It was the first time the men had faced each other on the debate stage since October 2020. Both candidates were reportedly eager for the confrontation, with Biden’s team seeking to warn voters about the increased radicalism that Trump is promising to bring to a second term, and Trump keen on digging into his rival’s alleged cognitive decline.
Most of the discourse focused on hot-button issues like immigration and the economy. Biden spoke with a raspy voice and at times tripped over his words, while Trump took many wild discursions and uttered several falsehoods that moderators Dana Bash and Jake Tapper did little to rein in.
A little over halfway in, however, Bash asked whether the candidates would do anything as president to address the climate crisis. Neither candidate directly answered the question, but Biden pointed to policies his administration has implemented to encourage the development of clean energy technologies. Trump gave an incoherent nonanswer.
“I want absolutely immaculate clean water and absolutely clean air,” Trump said. “And we had it. We had H2O, we had the best numbers ever, and we were using all forms of energy, everything.” He said his presidency saw “the best environmental numbers ever,” a statistic he said his advisers had given him moments before he walked onto the stage. In truth, Trump rolled back more than 200 environmental policies during his four years in office.
Trump also took credit for pulling the country out of the Paris Agreement — a “ripoff” for the U.S., as he described it. He otherwise used his allotted climate time to talk about his support among police groups and Biden’s border policies, among other unrelated topics.
Biden, for his part, said he enacted “the most extensive climate change legislation in history,” a reference to the 2022 Inflation Reduction Act, which contained $369 billion in clean energy tax credits and funding for climate and energy programs. He also mentioned his administration’s creation of the American Climate Corps — a federal program to put young people to work on landscape restoration, renewable energy deployment, and other green projects — and reiterated the importance of keeping global warming below 1.5 degrees Celsius (2.7 degrees Fahrenheit).
In combination with preexisting policies, the Inflation Reduction Act is expected to cut the country’s greenhouse gas emissions by up to 42 percent by 2030, almost within reach of the country’s commitment under the Paris Agreement to halve emissions compared to 2005 values by the end of the decade.

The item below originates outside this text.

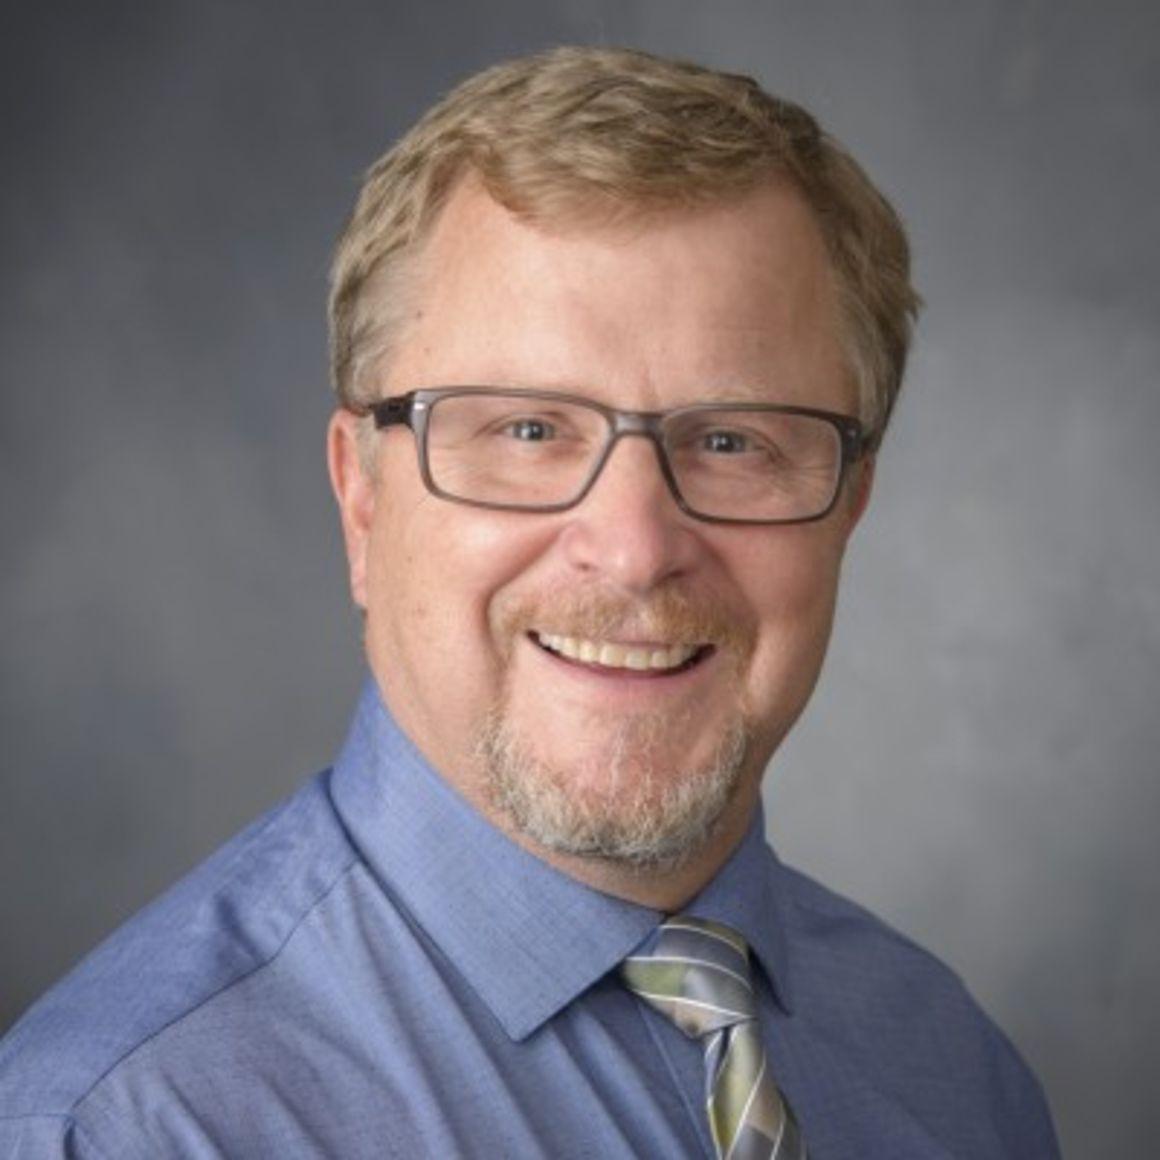 Dr. E. kent Frye MD - Kankakee, IL

This is in marked contrast to projections about what could happen to the climate under a second Trump term. According to an analysis published in March by Carbon Brief, another Trump administration could add some 4 billion metric tons to U.S. greenhouse gas emissions by 2030, compared to a second Biden term. This increase could cause $900 billion in additional climate damages globally. The analysis predicted that, if Trump rolled back all of Biden’s key climate policies, the U.S. would be “all but guaranteed” to miss its 2030 climate target.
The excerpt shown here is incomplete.